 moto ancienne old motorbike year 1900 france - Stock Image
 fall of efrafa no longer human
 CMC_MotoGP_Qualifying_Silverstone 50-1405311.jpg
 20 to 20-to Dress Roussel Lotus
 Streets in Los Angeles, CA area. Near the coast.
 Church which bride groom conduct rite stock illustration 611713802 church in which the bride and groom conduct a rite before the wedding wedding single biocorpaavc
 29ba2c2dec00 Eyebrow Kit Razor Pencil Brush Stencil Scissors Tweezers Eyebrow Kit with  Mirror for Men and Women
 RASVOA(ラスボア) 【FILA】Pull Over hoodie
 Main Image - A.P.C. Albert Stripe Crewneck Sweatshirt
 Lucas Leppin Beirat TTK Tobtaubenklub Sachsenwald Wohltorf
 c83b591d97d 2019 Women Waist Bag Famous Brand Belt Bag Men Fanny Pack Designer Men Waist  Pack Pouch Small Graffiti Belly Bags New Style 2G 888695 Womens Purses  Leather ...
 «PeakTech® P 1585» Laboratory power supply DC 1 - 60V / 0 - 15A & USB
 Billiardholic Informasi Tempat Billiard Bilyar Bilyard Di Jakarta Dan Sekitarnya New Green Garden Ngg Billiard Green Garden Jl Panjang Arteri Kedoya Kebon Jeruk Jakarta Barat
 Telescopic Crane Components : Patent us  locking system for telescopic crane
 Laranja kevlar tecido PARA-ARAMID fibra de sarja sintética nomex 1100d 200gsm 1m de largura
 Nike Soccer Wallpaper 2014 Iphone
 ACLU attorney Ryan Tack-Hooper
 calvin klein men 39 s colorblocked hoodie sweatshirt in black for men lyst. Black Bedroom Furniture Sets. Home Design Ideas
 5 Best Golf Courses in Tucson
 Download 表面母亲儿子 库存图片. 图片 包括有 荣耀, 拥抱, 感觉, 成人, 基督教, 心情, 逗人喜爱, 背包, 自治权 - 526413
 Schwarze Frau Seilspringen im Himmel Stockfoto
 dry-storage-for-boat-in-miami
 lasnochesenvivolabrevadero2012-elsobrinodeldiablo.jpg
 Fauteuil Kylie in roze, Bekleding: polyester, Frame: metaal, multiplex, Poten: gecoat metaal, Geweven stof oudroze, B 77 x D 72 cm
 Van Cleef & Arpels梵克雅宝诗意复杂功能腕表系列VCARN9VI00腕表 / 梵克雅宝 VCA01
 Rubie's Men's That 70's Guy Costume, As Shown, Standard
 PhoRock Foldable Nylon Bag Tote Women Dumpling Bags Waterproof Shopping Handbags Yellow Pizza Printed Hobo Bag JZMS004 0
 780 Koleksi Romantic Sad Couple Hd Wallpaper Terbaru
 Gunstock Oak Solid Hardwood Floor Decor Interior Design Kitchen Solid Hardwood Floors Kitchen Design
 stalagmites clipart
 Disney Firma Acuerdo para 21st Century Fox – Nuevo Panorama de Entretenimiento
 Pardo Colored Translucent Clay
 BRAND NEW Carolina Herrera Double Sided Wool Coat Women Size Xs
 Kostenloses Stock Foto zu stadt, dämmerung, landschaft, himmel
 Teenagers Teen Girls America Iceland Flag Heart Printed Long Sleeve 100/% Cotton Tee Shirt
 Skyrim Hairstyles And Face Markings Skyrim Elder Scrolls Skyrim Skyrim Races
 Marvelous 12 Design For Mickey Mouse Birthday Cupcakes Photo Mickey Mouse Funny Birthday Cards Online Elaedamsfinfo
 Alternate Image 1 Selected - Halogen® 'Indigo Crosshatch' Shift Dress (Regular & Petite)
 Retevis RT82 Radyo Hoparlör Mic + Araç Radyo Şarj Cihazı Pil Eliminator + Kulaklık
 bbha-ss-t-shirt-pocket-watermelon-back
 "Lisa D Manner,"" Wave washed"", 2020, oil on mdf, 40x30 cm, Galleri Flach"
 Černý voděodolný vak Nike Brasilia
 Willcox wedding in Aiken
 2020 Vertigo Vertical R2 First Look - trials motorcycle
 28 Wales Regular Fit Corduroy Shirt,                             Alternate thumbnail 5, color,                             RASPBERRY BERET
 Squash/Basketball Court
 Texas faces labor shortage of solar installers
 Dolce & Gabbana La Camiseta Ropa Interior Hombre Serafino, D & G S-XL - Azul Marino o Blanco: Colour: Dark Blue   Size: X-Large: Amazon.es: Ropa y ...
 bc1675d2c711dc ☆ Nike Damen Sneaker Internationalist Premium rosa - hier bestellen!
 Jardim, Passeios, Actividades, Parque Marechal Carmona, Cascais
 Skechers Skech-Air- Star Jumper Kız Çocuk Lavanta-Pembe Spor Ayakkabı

═══

| WHAT IS REQUIRED |
Without omitting anything, output the entries exactly.

| SOLUTION |
 moto ancienne old motorbike year 1900 france - Stock Image
 fall of efrafa no longer human
 CMC_MotoGP_Qualifying_Silverstone 50-1405311.jpg
 20 to 20-to Dress Roussel Lotus
 Streets in Los Angeles, CA area. Near the coast.
 Church which bride groom conduct rite stock illustration 611713802 church in which the bride and groom conduct a rite before the wedding wedding single biocorpaavc
 29ba2c2dec00 Eyebrow Kit Razor Pencil Brush Stencil Scissors Tweezers Eyebrow Kit with  Mirror for Men and Women
 RASVOA(ラスボア) 【FILA】Pull Over hoodie
 Main Image - A.P.C. Albert Stripe Crewneck Sweatshirt
 Lucas Leppin Beirat TTK Tobtaubenklub Sachsenwald Wohltorf
 c83b591d97d 2019 Women Waist Bag Famous Brand Belt Bag Men Fanny Pack Designer Men Waist  Pack Pouch Small Graffiti Belly Bags New Style 2G 888695 Womens Purses  Leather ...
 «PeakTech® P 1585» Laboratory power supply DC 1 - 60V / 0 - 15A & USB
 Billiardholic Informasi Tempat Billiard Bilyar Bilyard Di Jakarta Dan Sekitarnya New Green Garden Ngg Billiard Green Garden Jl Panjang Arteri Kedoya Kebon Jeruk Jakarta Barat
 Telescopic Crane Components : Patent us  locking system for telescopic crane
 Laranja kevlar tecido PARA-ARAMID fibra de sarja sintética nomex 1100d 200gsm 1m de largura
 Nike Soccer Wallpaper 2014 Iphone
 ACLU attorney Ryan Tack-Hooper
 calvin klein men 39 s colorblocked hoodie sweatshirt in black for men lyst. Black Bedroom Furniture Sets. Home Design Ideas
 5 Best Golf Courses in Tucson
 Download 表面母亲儿子 库存图片. 图片 包括有 荣耀, 拥抱, 感觉, 成人, 基督教, 心情, 逗人喜爱, 背包, 自治权 - 526413
 Schwarze Frau Seilspringen im Himmel Stockfoto
 dry-storage-for-boat-in-miami
 lasnochesenvivolabrevadero2012-elsobrinodeldiablo.jpg
 Fauteuil Kylie in roze, Bekleding: polyester, Frame: metaal, multiplex, Poten: gecoat metaal, Geweven stof oudroze, B 77 x D 72 cm
 Van Cleef & Arpels梵克雅宝诗意复杂功能腕表系列VCARN9VI00腕表 / 梵克雅宝 VCA01
 Rubie's Men's That 70's Guy Costume, As Shown, Standard
 PhoRock Foldable Nylon Bag Tote Women Dumpling Bags Waterproof Shopping Handbags Yellow Pizza Printed Hobo Bag JZMS004 0
 780 Koleksi Romantic Sad Couple Hd Wallpaper Terbaru
 Gunstock Oak Solid Hardwood Floor Decor Interior Design Kitchen Solid Hardwood Floors Kitchen Design
 stalagmites clipart
 Disney Firma Acuerdo para 21st Century Fox – Nuevo Panorama de Entretenimiento
 Pardo Colored Translucent Clay
 BRAND NEW Carolina Herrera Double Sided Wool Coat Women Size Xs
 Kostenloses Stock Foto zu stadt, dämmerung, landschaft, himmel
 Teenagers Teen Girls America Iceland Flag Heart Printed Long Sleeve 100/% Cotton Tee Shirt
 Skyrim Hairstyles And Face Markings Skyrim Elder Scrolls Skyrim Skyrim Races
 Marvelous 12 Design For Mickey Mouse Birthday Cupcakes Photo Mickey Mouse Funny Birthday Cards Online Elaedamsfinfo
 Alternate Image 1 Selected - Halogen® 'Indigo Crosshatch' Shift Dress (Regular & Petite)
 Retevis RT82 Radyo Hoparlör Mic + Araç Radyo Şarj Cihazı Pil Eliminator + Kulaklık
 bbha-ss-t-shirt-pocket-watermelon-back
 "Lisa D Manner,"" Wave washed"", 2020, oil on mdf, 40x30 cm, Galleri Flach"
 Černý voděodolný vak Nike Brasilia
 Willcox wedding in Aiken
 2020 Vertigo Vertical R2 First Look - trials motorcycle
 28 Wales Regular Fit Corduroy Shirt,                             Alternate thumbnail 5, color,                             RASPBERRY BERET
 Squash/Basketball Court
 Texas faces labor shortage of solar installers
 Dolce & Gabbana La Camiseta Ropa Interior Hombre Serafino, D & G S-XL - Azul Marino o Blanco: Colour: Dark Blue   Size: X-Large: Amazon.es: Ropa y ...
 bc1675d2c711dc ☆ Nike Damen Sneaker Internationalist Premium rosa - hier bestellen!
 Jardim, Passeios, Actividades, Parque Marechal Carmona, Cascais
 Skechers Skech-Air- Star Jumper Kız Çocuk Lavanta-Pembe Spor Ayakkabı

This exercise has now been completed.